* Dataset content *
────────────────────────────────────────
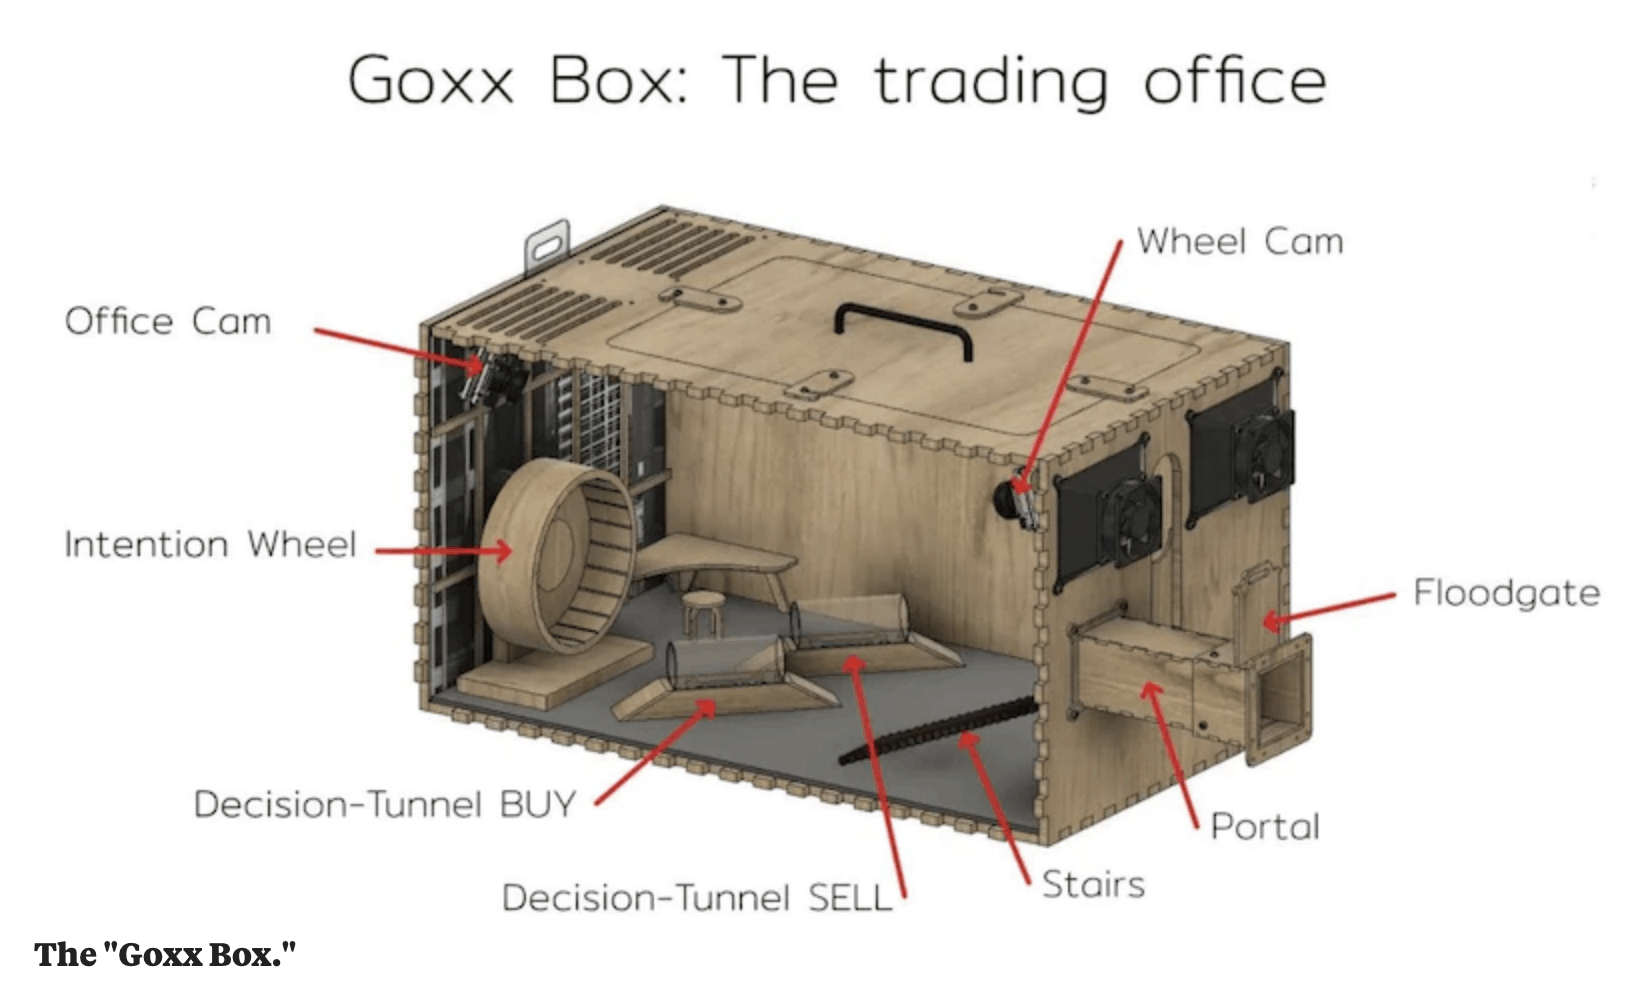 Goxx box trading office for a hamster.
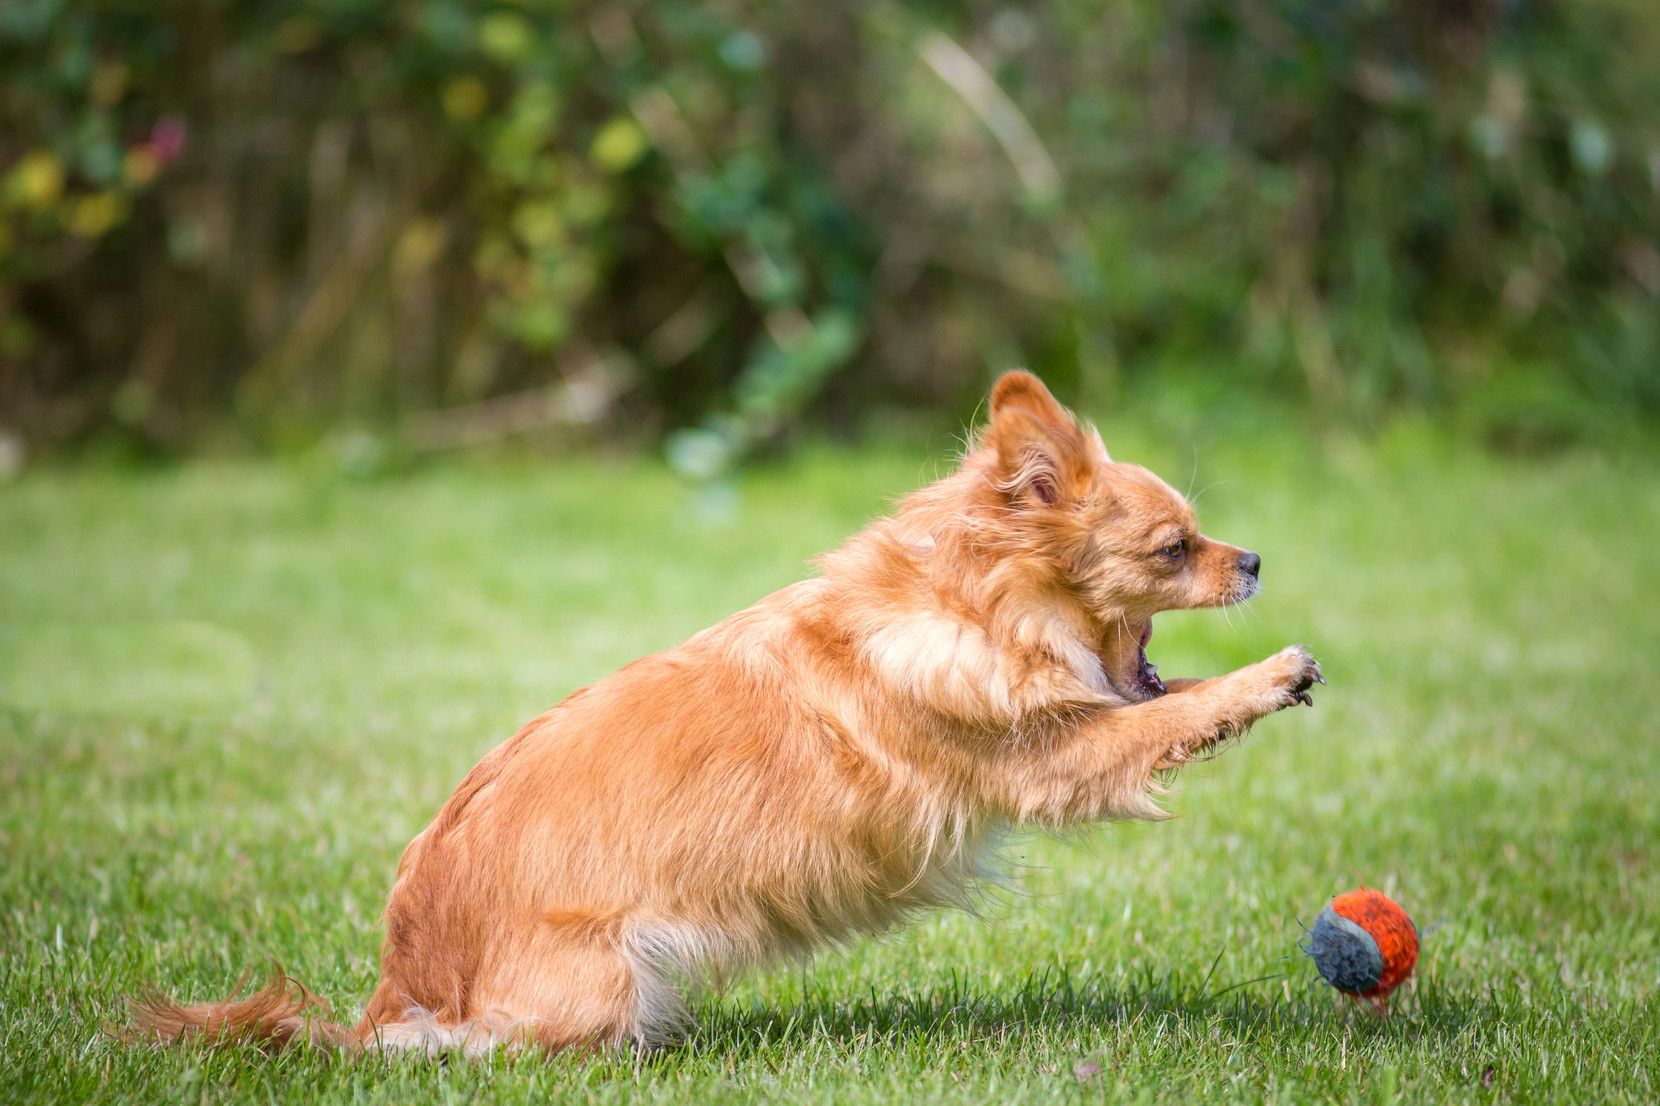 A small brown dog jumps on a tennis ball.
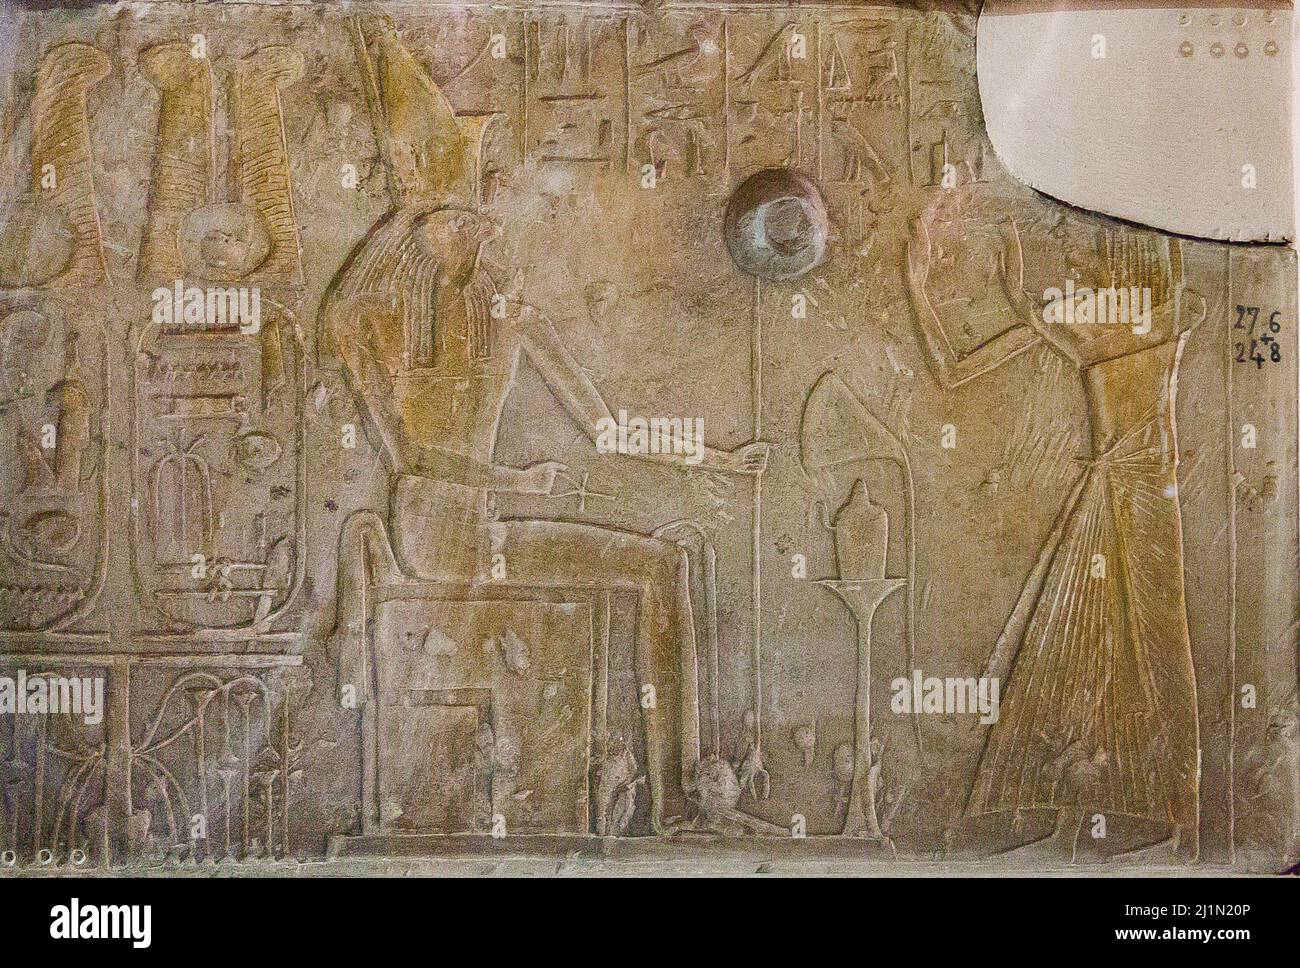 Cairo, Egyptian Museum, worshipping Harendotes, Horus protector of his father. With cartouches of Ramses II. Stock Photo
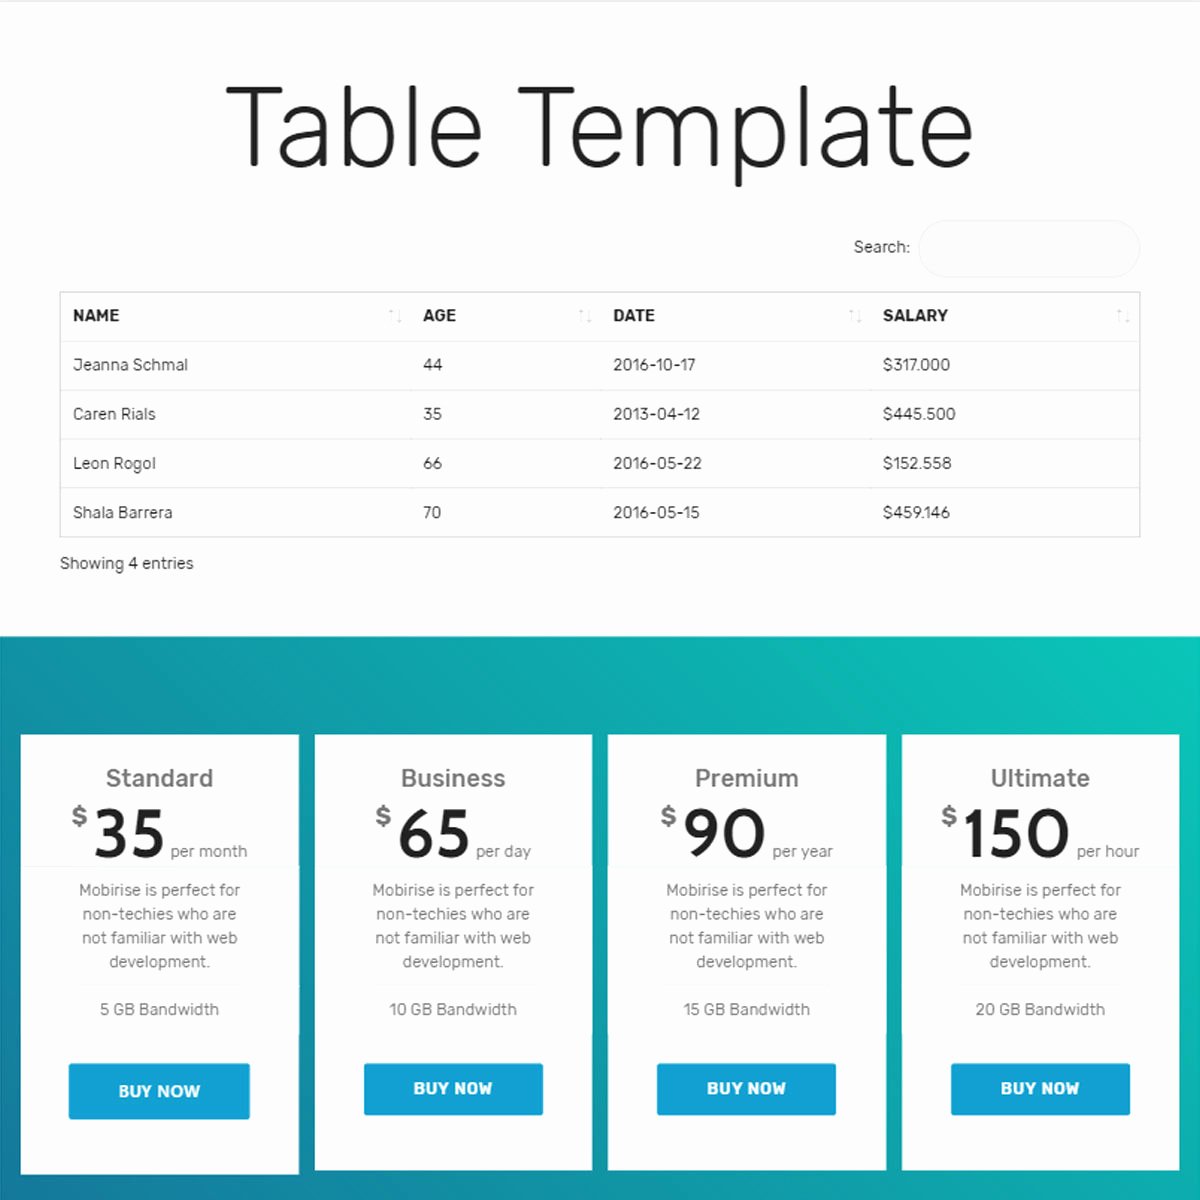 39 Brand New Free HTML Bootstrap Templates 2019
────────────────────────────────────────
* Directions for this task *
Could you copy each line above exactly as written, minus any pictures?

* Answer section *
 Goxx box trading office for a hamster.
 A small brown dog jumps on a tennis ball.
 Cairo, Egyptian Museum, worshipping Harendotes, Horus protector of his father. With cartouches of Ramses II. Stock Photo
 39 Brand New Free HTML Bootstrap Templates 2019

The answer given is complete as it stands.